Bunun sebebi; 15 Temmuz darbe girişimine Türk milletinin meydanlarda gösterdiği milli duruşu, iş dünyası da gösterdi. İş dünyasının en büyük örgütünden en küçüğüne kadar, oda ve borsaların, ihracatçı birliklerinin, şirketlerin yanında Merkez Bankası ve Ekonomi Bakanlığının hemen müdahalesi, darbeye karşı dik duruşudur.
Türkiye’nin katma değer üreten, savunma sanayisini, enerji sanayisini, teknolojisini daha yukarı çeken, ithalata daha az bağlı ve kendi markalarını daha fazla çıkaran bir ekonomi haline gelmesi dikkatleri üzerimize çekti.
S&P, bugünkü takvim dışı değerlendirmesinde “BB+” olan Türkiye’nin notunu bir kademe daha düşürerek “BB”ye indirdi, görünümü ise “negatif” olarak değerlendirdi.

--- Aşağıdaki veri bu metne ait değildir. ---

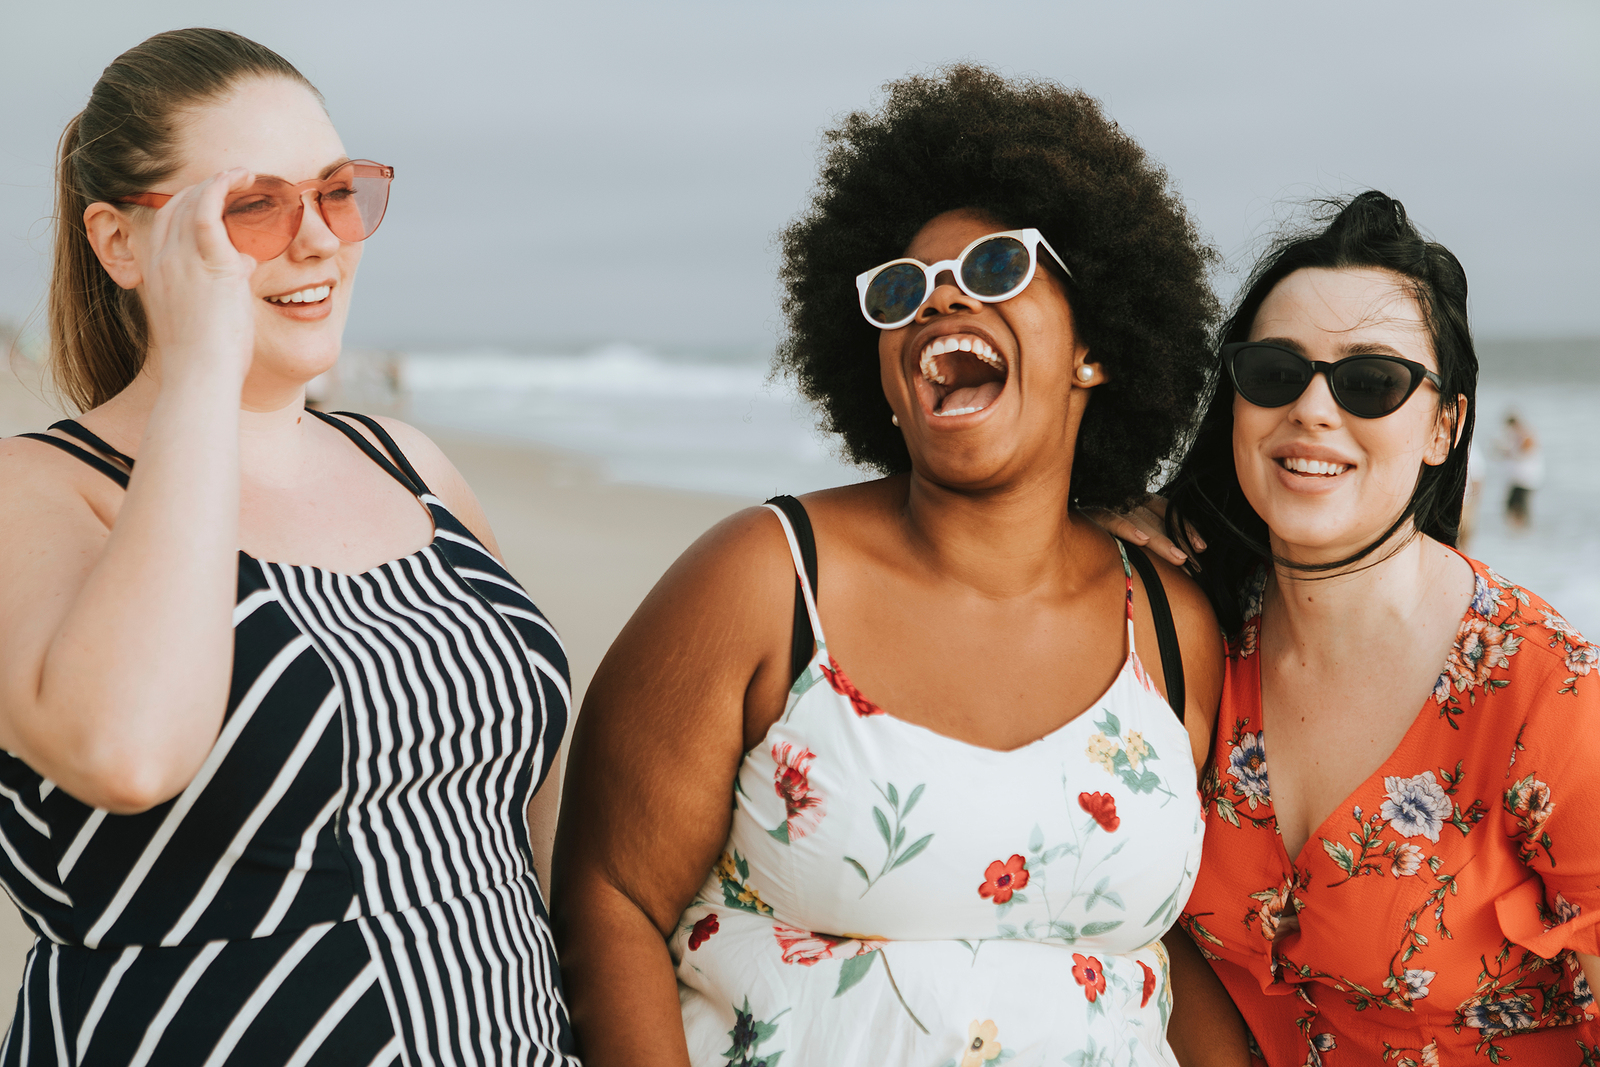 Image of 3 curvy and attractive friends of mixed ethnicities, all wearing floral dresses and sunglasses , walking side by side laughing together.

Hazine ile anlaşması olan diğer iki büyük uluslararası derecelendirme kuruluşu Fitch Ratings ve Moody’s ise Türkiye’yi “yatırım yapılabilir” seviyede değerlendirdiğini açıkladı.
Bu ülke 2023 hedeflerini açıklayan Cumhurbaşkanımız önderliğinde, hükümetimiz ve milletimiz sayesinde ekonomik devrim yapıyor ve yapmaya devam ediyor.
Amacı; Türkiye’nin esasen dünya ekonomisinde belirgin olması, dünya ekonomisinde üretilen katma değerden daha fazla pay alması ve ilk 10 büyük ekonomi arasına girmesini sağlamak. Türkiye’nin operasyonlara maruz kalmasının aslında arkasındaki sebep budur. Bu süreç darbeci kuklaların girişimi ile taçlandı. Bu operasyonlar sadece 15 Temmuzda olmadı ki, hepimiz biliyoruz ki, Gezi sürecinde başlayıp, 17-25 Aralık, PKK ve DEAŞ terörünü de kapsayan bir dönemdir, devam ediyor. Dolayısıyla bu finalle birlikte, yabancıların belirttiği riskler büyük ölçüde Türk devleti ve milleti tarafından ortadan kaldırılmış olacak. Türkiye, Batı ülkeleri de dahil olmak üzere, bütün ülkelerden daha güvenli olma yolunda ilerleme adına hızlı adımlar atacaktır. Demokratikleşme reformlarını çok hızlı yapacak. Makro ekonomik iyileştirmeleri çok daha hızlı yapıp, bütün dünya kamuoyuna Türkiye ekonomisinin ne kadar güvenli olduğunu, somut ekonomik verilerle gösterecektir. Bu konuda tüm dünyanın ikna olduğunu, bugün riskli ülke gibi gören derecelendirme kurumları da çok yakında görecek. Ekonomimizi çok daha hızlı şekilde toparlayacağız. Kısa sürede yatırım teşvikte ve desteklerde önemli kararları alıp, enerji, savunma, yatırım alanlarında başlanan kalkınmayı devam ettirmek zorundayız. Artık bu noktadan sonra her vatandaşa görev düşmektedir. Çünkü an birlik ve beraberlik, yeniden ayağa kalkma anıdır. Biz bir olursak, her ne iş yapıyorsak, en iyi şekilde yapmaya çalışırsak, inanıyorum ki; bunu başarıp darbelere, kumpaslara sebep olan 2023 hedeflerine ulaşacağız.